Non-performing assets (NPAs), measured as 90+ days past due (dpd) for non-banks (comprising non-banking finance companies (NBFC) and housing finance companies, but excluding government-owned NBFCs), are expected to continue to rise by another 30 to 150 basis points (bps) by March 2020, depending on the asset class. This is on the back of 20 to 150 bps increase seen in the first half of fiscal 2020.
Amidst the challenging economic environment, even the traditional retail segments – such as vehicle and home loans, which constitute over half the non-banks’ assets under management (AUM) – have seen NPAs inching up.
But it is not the traditional segments where the material concerns lie.
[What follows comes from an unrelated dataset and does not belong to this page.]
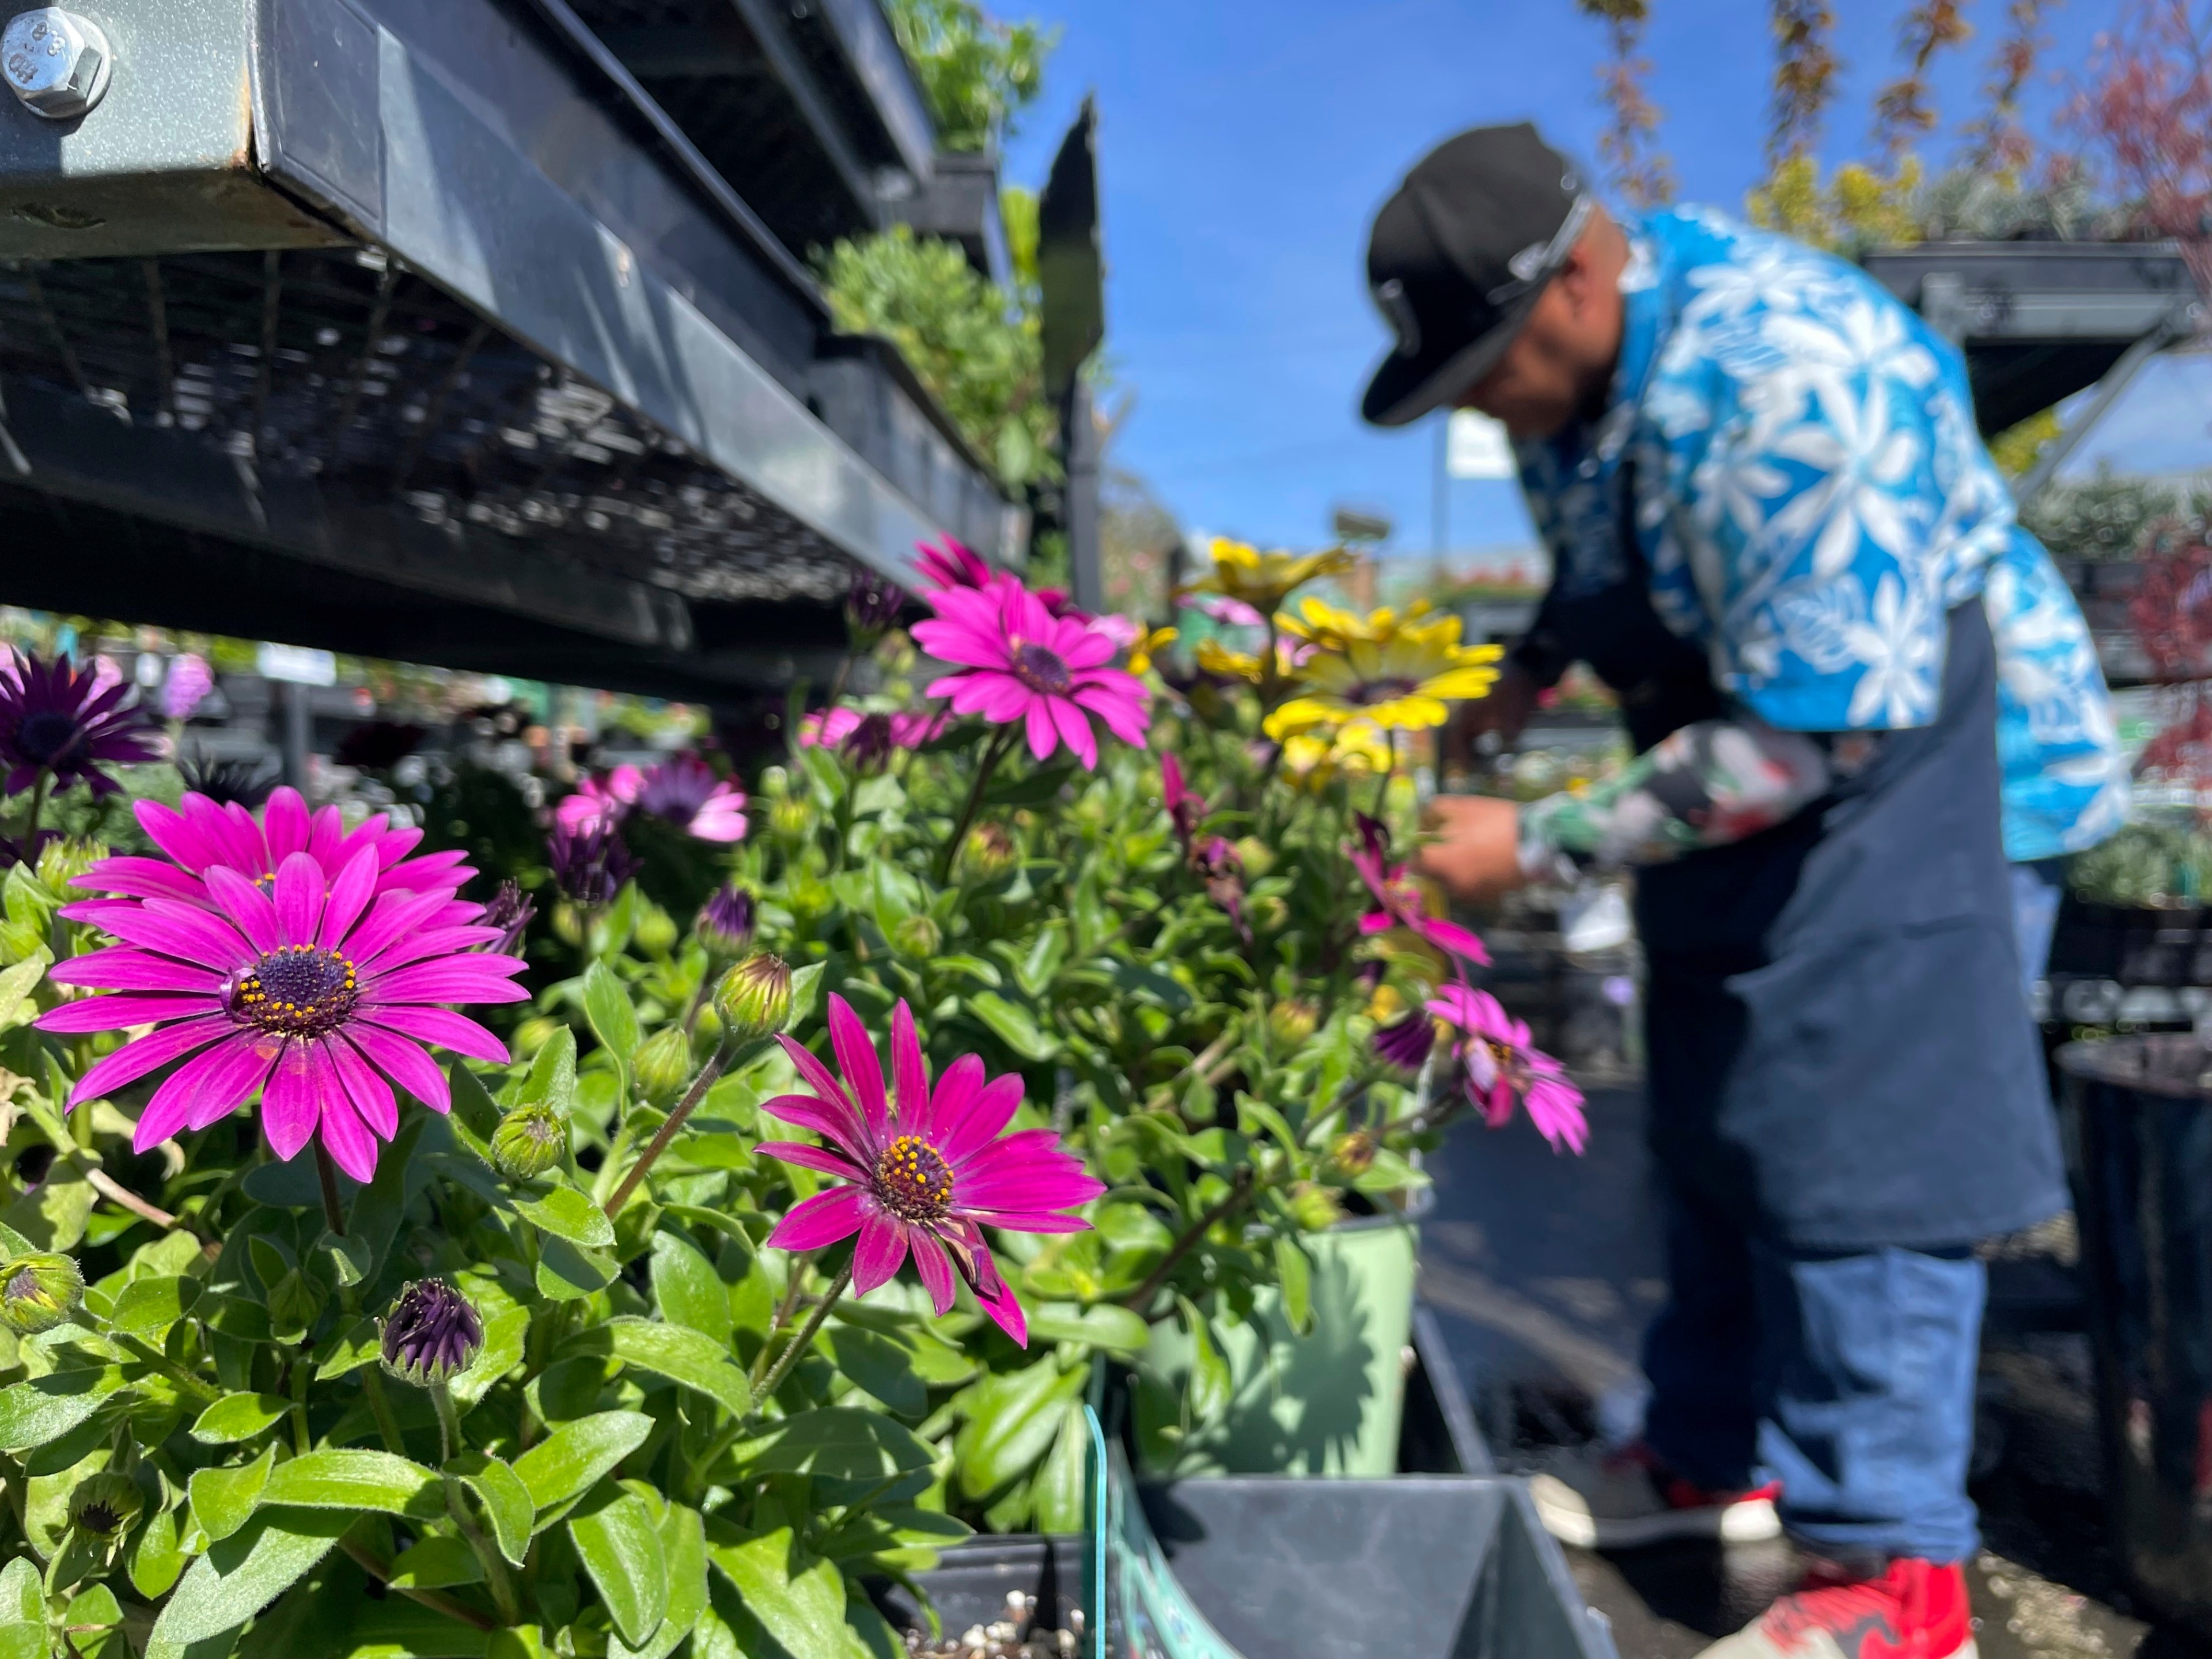 A plant store employee tends to plants outdoors

It is the wholesale loan book where more significant slippages are expected to manifest as portfolios come out of moratorium.
To be sure, real estate and structured credit comprise only ~16% of the AUM of non-banks (~Rs 3.8 lakh crores as on March 31, 2019). But these segments are experiencing heightened headwinds as the financial flexibility of many underlying operating companies in the structured debt space and real estate developers have been impacted due to overall slowdown in business. Moreover, a major chunk of the loan book is under moratorium. That means NPAs could jump when loans come out of it.
Reported NPA in real estate segment is estimated to have increased to 3.3% as on September 30, 2019, from 1.8% as on March 2019. About 40% of the book (including lease rental discounting (LRD)) was still under moratorium as on September 30, 2019. As the book under moratorium and the LRD books have low delinquencies, to understand the true level of stress in the real estate loan book, Crisil has considered the NPAs on the base of the book out of moratorium (and excluding LRD). This results in NPAs standing at ~10% as on September 30, 2019; almost thrice the reported NPAs.